Full disclosure: I served on the board of the Federal Home Loan Bank of San Francisco for two decades, until early this year. Prior to joining the board, I was the CEO of the largest private down payment assistance provider in the country, Nehemiah Corporation, where we put over 300,000 families into first-time homes by partnering with hundreds of large and small community lenders. The Home Loan banks are the largest privately owned funder of affordable housing initiatives in the U.S. and have provided more than $7.6 billion in affordable housing grants since 1990. It's hard to imagine what our economy and our communities would look like without them.
Some would argue that the Federal Reserve should be the only liquidity provider to our nation's financial institutions and would prefer the Fed act as both regulator and capital source. By politicizing banking, they would create difficult hurdles for smaller lenders to stay in business and push deposits to the large national franchises. Bigger is better, right? And the way to do this, these folks contend, is to limit the role of the Federal Home Loan banks.
Here is what the Home Loan banks do: They allow smaller banks, credit unions, insurance companies and community development financial institutions to belong to a co-op where they pool their real estate loan assets into investable securities, allowing smaller institutions to access worldwide debt markets and equitably compete for your business. Without them, the deep-pocketed giants of banking have cost advantages that even the best-run local institutions can't match.

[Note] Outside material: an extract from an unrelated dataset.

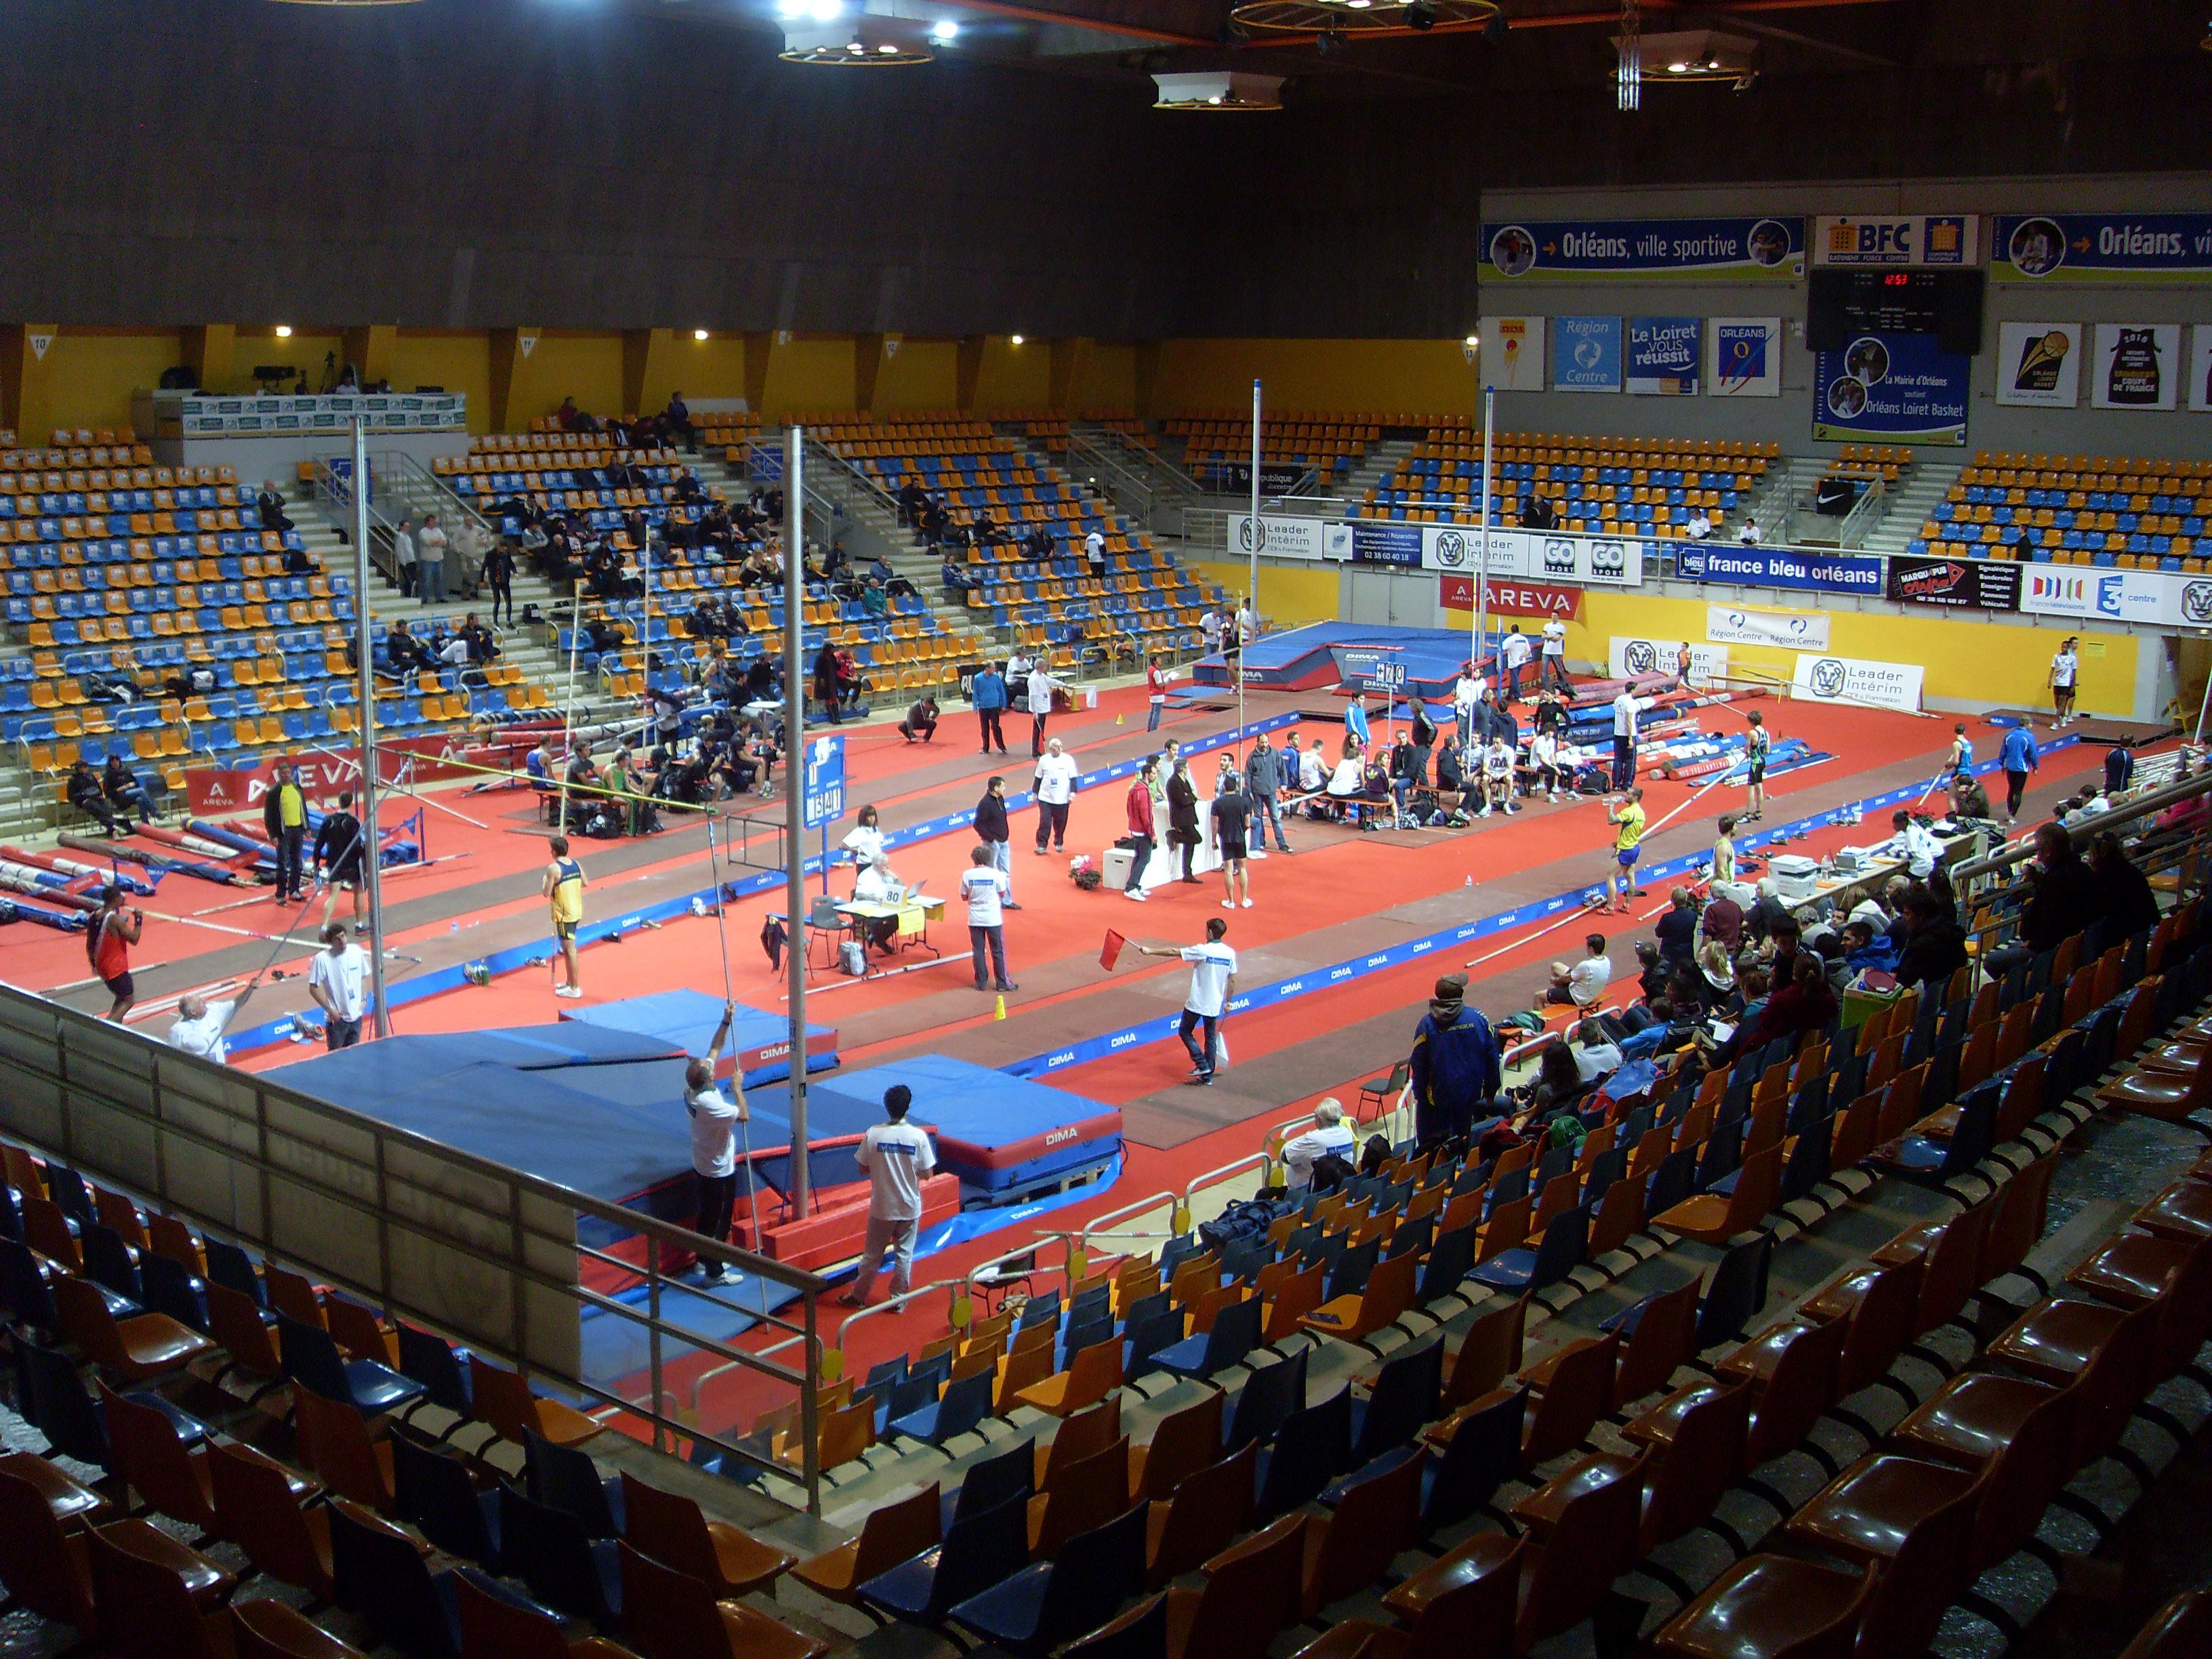 palais des sports orleans wikipedia

The prime example of this phenomenon is the treatment of small businesses seeking a lifeline during COVID-19 by obtaining a PPP loan. If you were not a giant customer of one of the big banks, you were left uninformed, with no access to the PPP program. I lived this firsthand, as I'm sure many others did, with a large money center bank. As a business customer, this large bank offered no information and kept me hanging helpless for weeks. I ultimately went to a small credit union to obtain my PPP loans. In Sacramento, where I reside, it was the local lenders that rescued so many independent businesses and, by extension, their employees.
The law of unintended consequences has been around since the times of Adam Smith and his invisible hand. But we need look no further than today's debate to see that trying to solve a largely nonexistent problem will make things worse. We must preserve the role and standing of our local and regional community lenders. One doesn't need an advanced degree in economics to appreciate that local community development will grind to a halt if we curtail the ability of regional banks to support their customers. These regional banks rely on the Federal Home Loan banks to be a backstop and look to them to provide liquidity in all economic conditions.